"¿Quién soy yo para que me visite la madre de mi Señor?" (Lc 1, 43) ¿Por qué tengo tanta suerte para que venga la Madre de mi Señor a visitarme? No me lo explico. ¿Qué hace María aquí? Nadie me hacía tanta falta como ella, pero no me atrevía ni a contarle lo que había pasado porque estaba segura que vendría: ella es así. Eso la define. No se detiene ni un minuto de más en lo suyo. Vive para hacernos felices y lo logra como nadie. Ahora no me da miedo nada. Con María será fácil dar a luz a Juan. Este niño es un terremoto: no para quieto. Se ha llenado de alegría al presentir a María.

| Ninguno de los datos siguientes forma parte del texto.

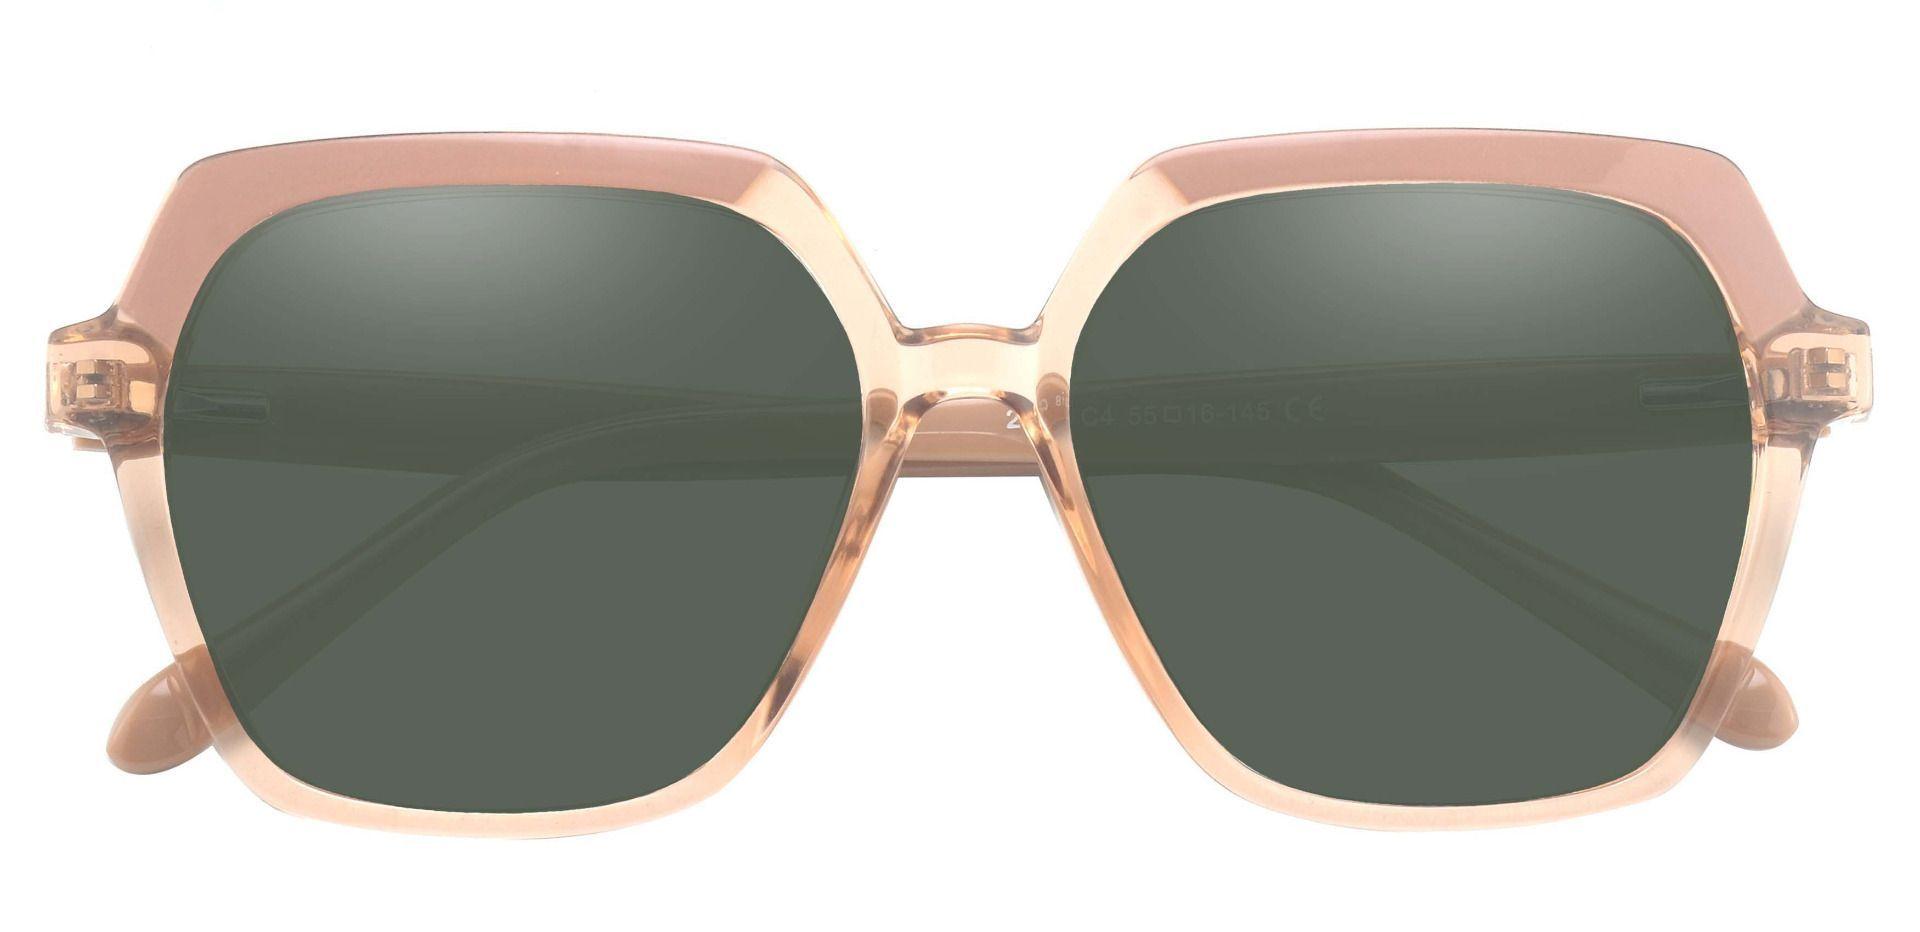 Regent Geometric Progressive Sunglasses - Brown Frame With Green Lenses

No esperaba mucho de la vida, y Dios, como siempre, se ha guardado lo mejor para el final. Zacarías no para de preguntarme si estoy bien, si duermo bien. Es que no quiero dormirme. Me da miedo despertar y que esto haya sido sólo un sueño: es tan maravilloso. Dios es tan bueno. Nunca dudé de que me escuchaba pero comprobaba año tras año que mis peticiones no se cumplían. El sabrá mejor, me decía a mi misma, o quizá él me lo susurraba. Yo sólo quería un hijo y cuando parecía imposible me ha regalado el más grande de los nacidos de mujer.

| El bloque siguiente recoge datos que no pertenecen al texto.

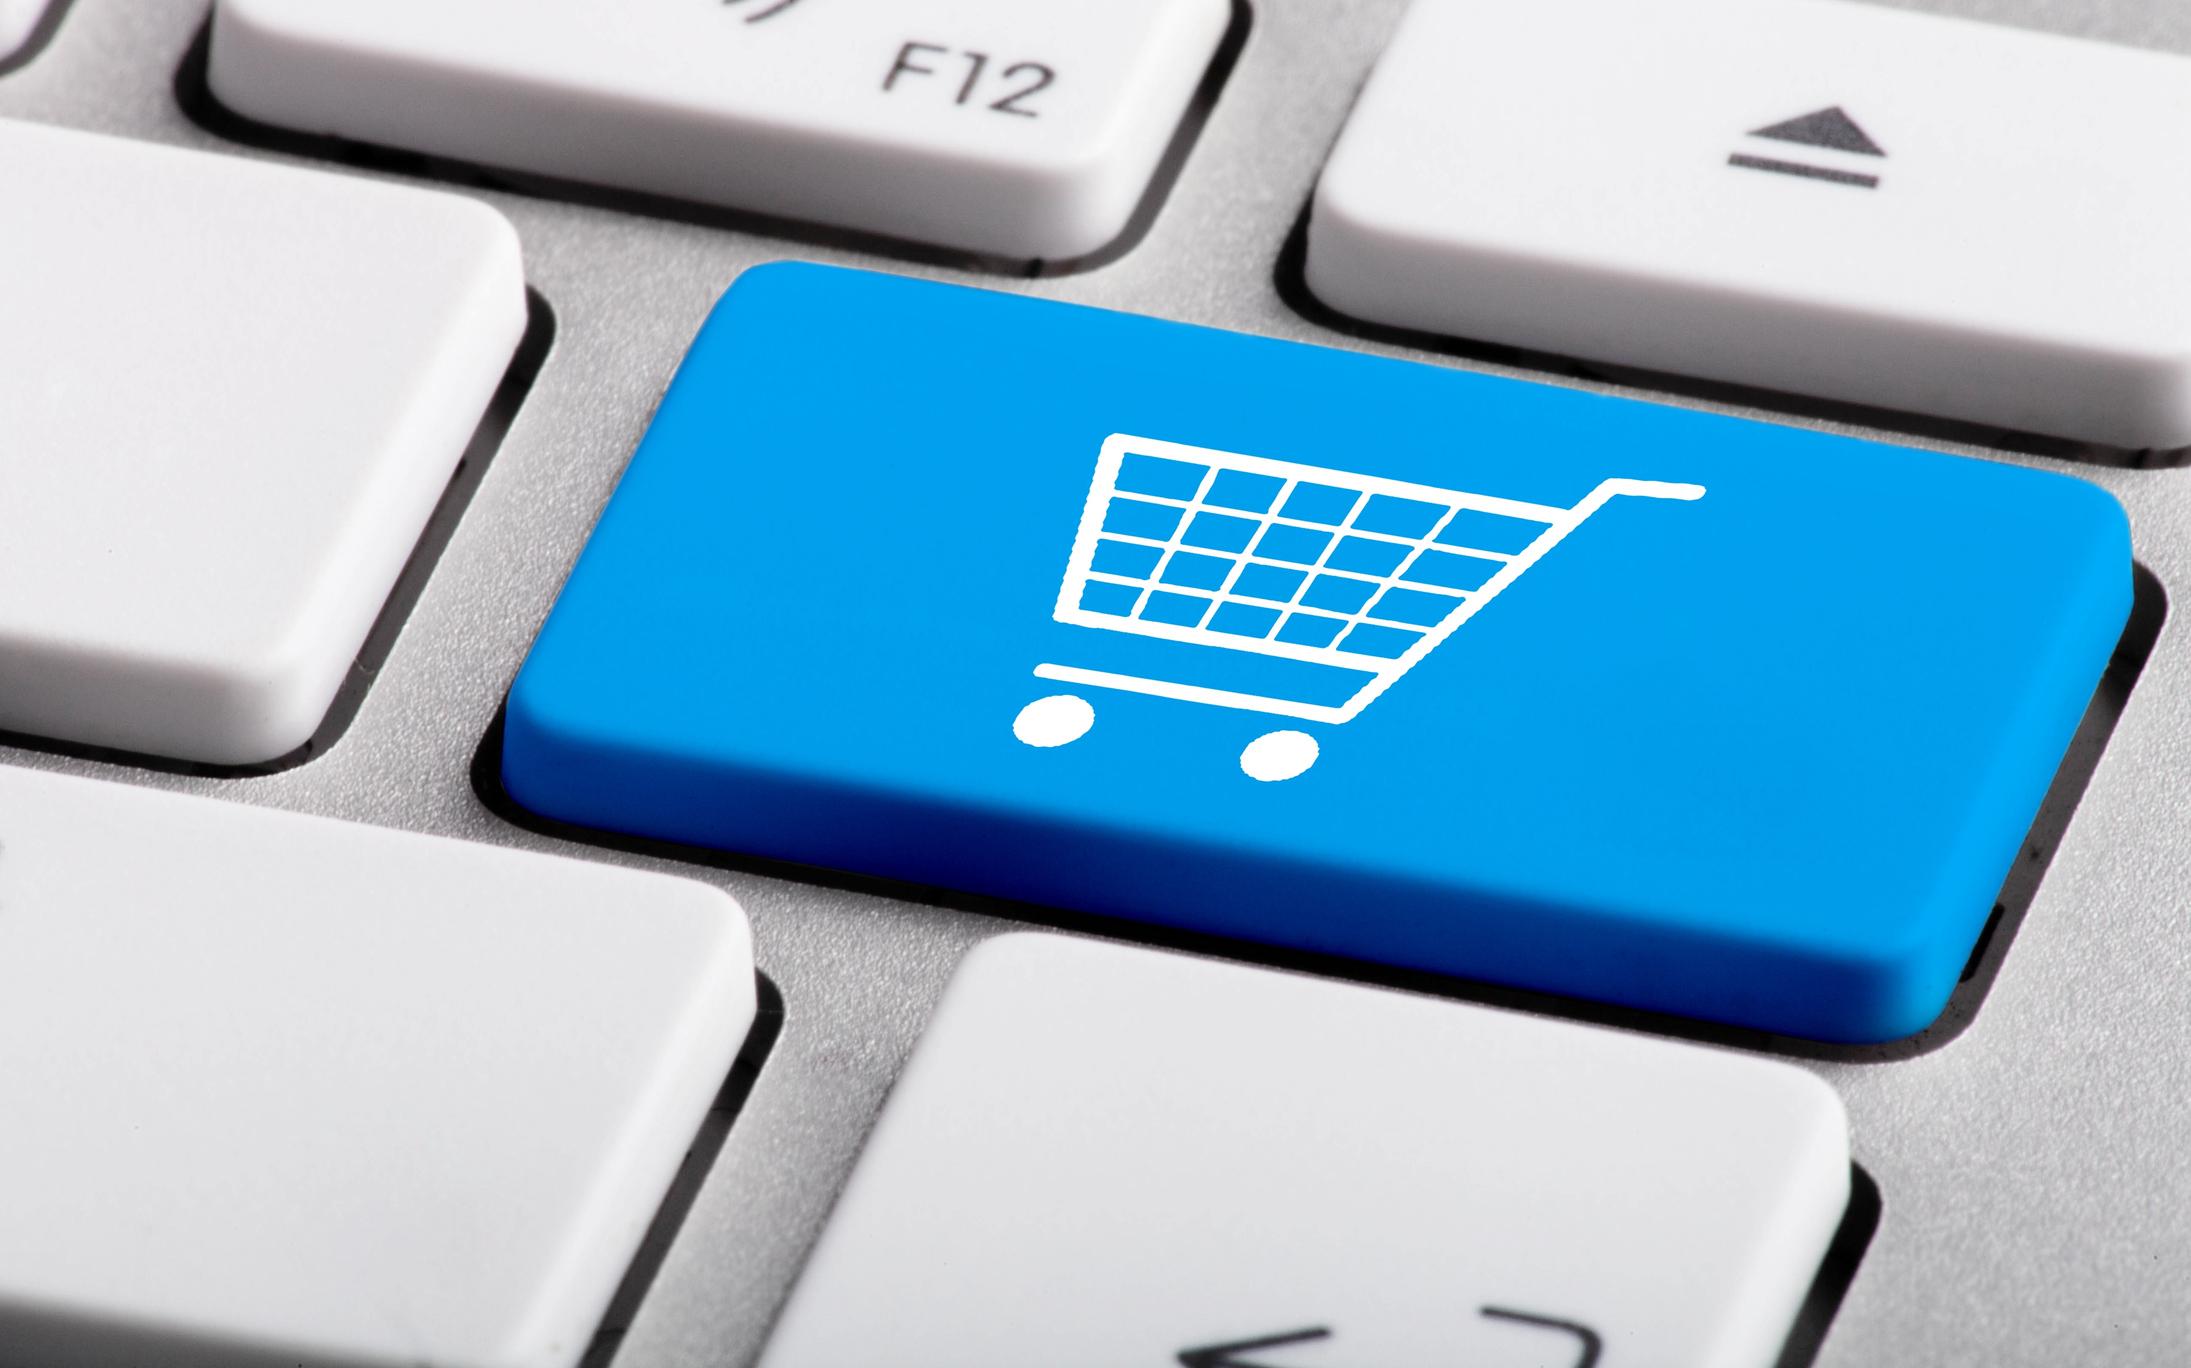 A shopping cart image on a keyboard key.

Dios me ha sorprendido con sus planes. Ya no haré cálculos nunca más. Quien iba a soñar lo que estoy viendo con mis ojos. Mi prima la Madre del Mesías y yo esperando al precursor. Si me lo dicen antes pensaría que se burlaban de mí. Hubiera sido una broma de muy mal gusto decirle eso a una pobre mujer sin hijos. Pero así es Dios, le gusta romper los moldes, los esquemas y los planes demasiado pequeños. Le encanta cambiar las tornas. Le apasiona la sorpresa y lo inesperado, lo desconocido, lo que no se puede intuir, el misterio.
Llegué a pensar que Dios no confiaba en mí, en mi capacidad de cuidar a un niño y no le culpo porque yo lo pienso y estoy convencida de ello. A la vez tenía tantas ganas que me resistía a creer que Dios fuera así. Cuando no había ninguna esperanza empecé a resignarme y acepté, al menos superficialmente, que no sería madre. Entonces sucedió en el templo lo que ya sabéis: cómo se encontraron Gabriel y mi esposo. No podía creerlo. Libre de escucharle durante una temporadita: ¡qué bueno es Dios! Y eso no era lo mejor. Dios nos había concedido el mayor regalo. A mi vida no le faltaba mucho para apagarse pero le quedaba lo mejor. ¡Gracias Dios mío! Cuando quieras Zacarías ya puede volver a hablar: estos meses le he leído la cartilla mil veces y me ha tenido que escuchar sí o sí. Creo que no volverá a arriesgarse.